Bow shooting too far left???






AIM MORE RIGHT!!!! 

Sorry buddy...I couldn't resist.


----------



## 67chevyjr (Oct 2, 2008)

Check your rest. You could bring it over. the set screw might be lose and it may have moved.


----------



## BamaBowHunter (Oct 2, 2008)

Make sure your not torquing the bow.. that can really cause problems.. worse comes to worse, move your rest to the right, in very small incriments so as not to throw it outta tune.


----------



## devolve (Oct 2, 2008)

I have seen a few people have this issue with certain sights. If its not your form and the bow is tuned then the cause is most likely your riser having a lot of offset at the shelf, all newer bows do and a lot of newer sight company's dont take that into consideration and havent put enough movement in there sight plane. I have had that issue with two different fuse sights. Your only options are very miniscule movements in your rest to the right or get a new sight.

--c--


----------



## whitworth (Oct 2, 2008)

*At this late date in the Archery season*

you might be down to Kentucky windage.


----------



## WillHunt4Food (Oct 2, 2008)

Make sure you are using the correct spined arrows.  Shooting left could indicate a weak spined arrow.


----------



## Black_Bart (Oct 2, 2008)

*More info...*

Tell us what bow, sight, rest and arrow combo you have.


----------



## MhawkM (Oct 2, 2008)

check your sight bubble and make sure you are not torquing the bow.


----------



## devolve (Oct 2, 2008)

WillHunt4Food said:


> Make sure you are using the correct spined arrows.  Shooting left could indicate a weak spined arrow.



that too, forgot to add that to my post. 

What are you shooting?

thanks!


----------



## ClydeWigg3 (Oct 2, 2008)

whitworth said:


> you might be down to Kentucky windage.


----------



## G Duck (Oct 2, 2008)

Where in Screven are you? 
I would say it could be all of the above.
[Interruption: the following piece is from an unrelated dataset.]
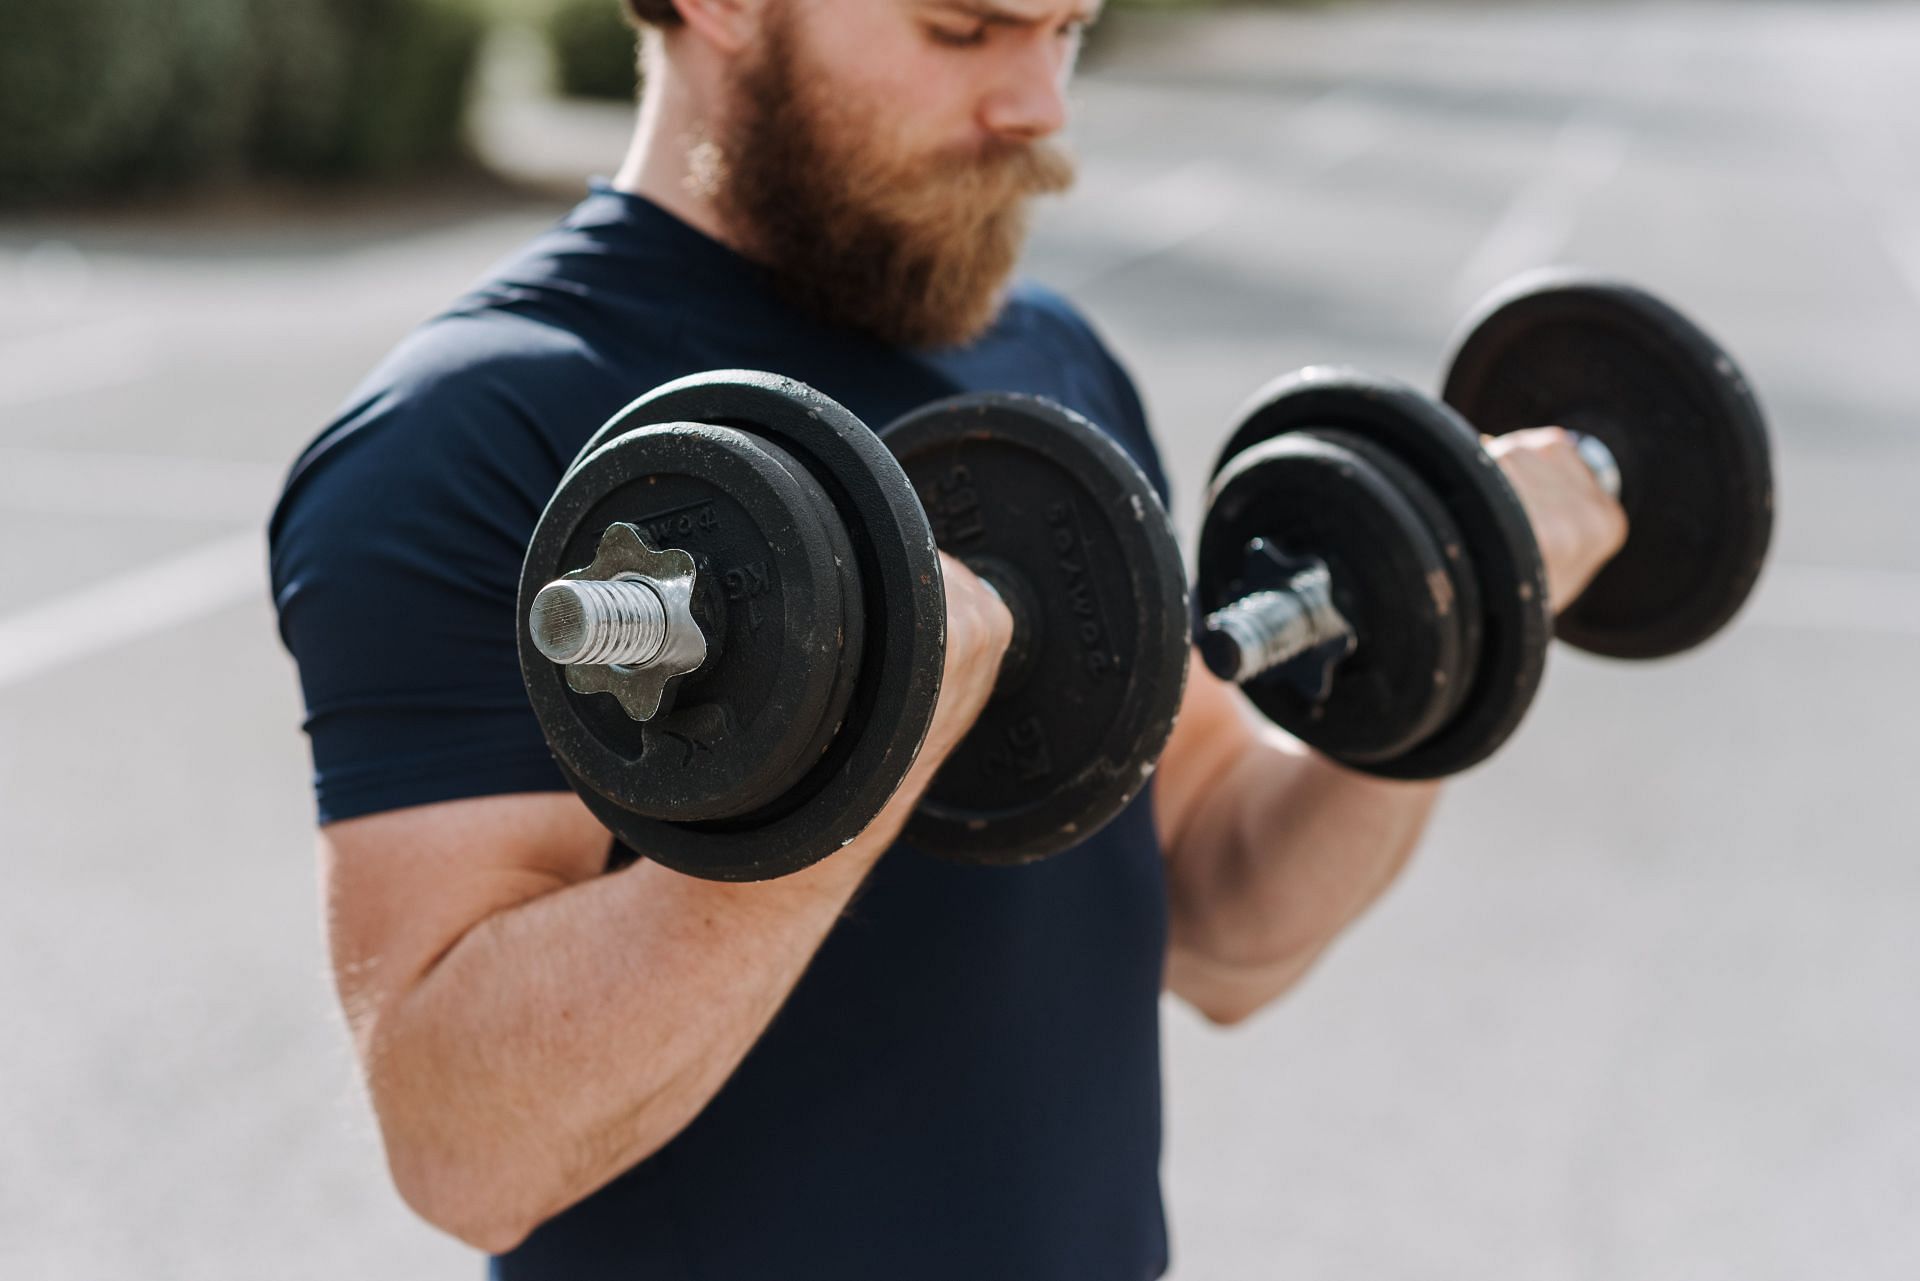 The dumbbell shoulder press can be performed while sitting or standing. (Image via Pexels/ Anete Lusina)

May start with the rest and paper tune, could be torque.


----------



## Dead Eye Eddy (Oct 2, 2008)

I had the same problem once years ago.  I flipped my sight bracket over so that I could get more rightward movement with the pin.  Depending on what sight you are using, you might be able to do the same thing.  If not, I'd move the rest just a touch to the right.


----------



## whitetaco02 (Oct 2, 2008)

Make sure when you shoot you are not clasping your hand on the bow after the shot.  Just let the wrist strap do the work.  I am assuming you are pulling it back with an open palm?  I hope this makes sense!


----------



## S.ROB (Oct 3, 2008)

*hitting left*

just a couple questions
 what bow are you shooting?
 what dl?
 what poundage are you pulling
  how long are your arrows?  what arrow are you shooting?
  tip wieght ?
  what sight?
 Are you shooting a d-loop?
 Can you post a pic at full draw?
I have a friend that has this prob he puts alot of his chin and cheek  into the string his dl is set longer than I like.
                       S.ROB


----------



## BOWHOGKILLER (Oct 3, 2008)

move rest and spine of arrow


----------



## WillHunt4Food (Oct 3, 2008)

WillHunt4Food said:


> Make sure you are using the correct spined arrows.  Shooting left could indicate a weak spined arrow.



Oops...Sorry.  Shooting left could indicate an arrow that is too stiff.  Weak spined arrow would impact right.

Have you paper tuned?


----------



## mr4shootin (Oct 3, 2008)

Screven Hunter said:


> My sight will not move far enough left to adjust for it. The bow is tuned, but for some reason it just shoots left. Any idea what could be causing this?



Are you registered democract?


----------



## Screven Hunter (Oct 6, 2008)

I think I've figured it out guys. I was definitely torguing the bow with my bow arm. I also switched to use a release instead of finger shooting and that helped too. Thanks for the input.


----------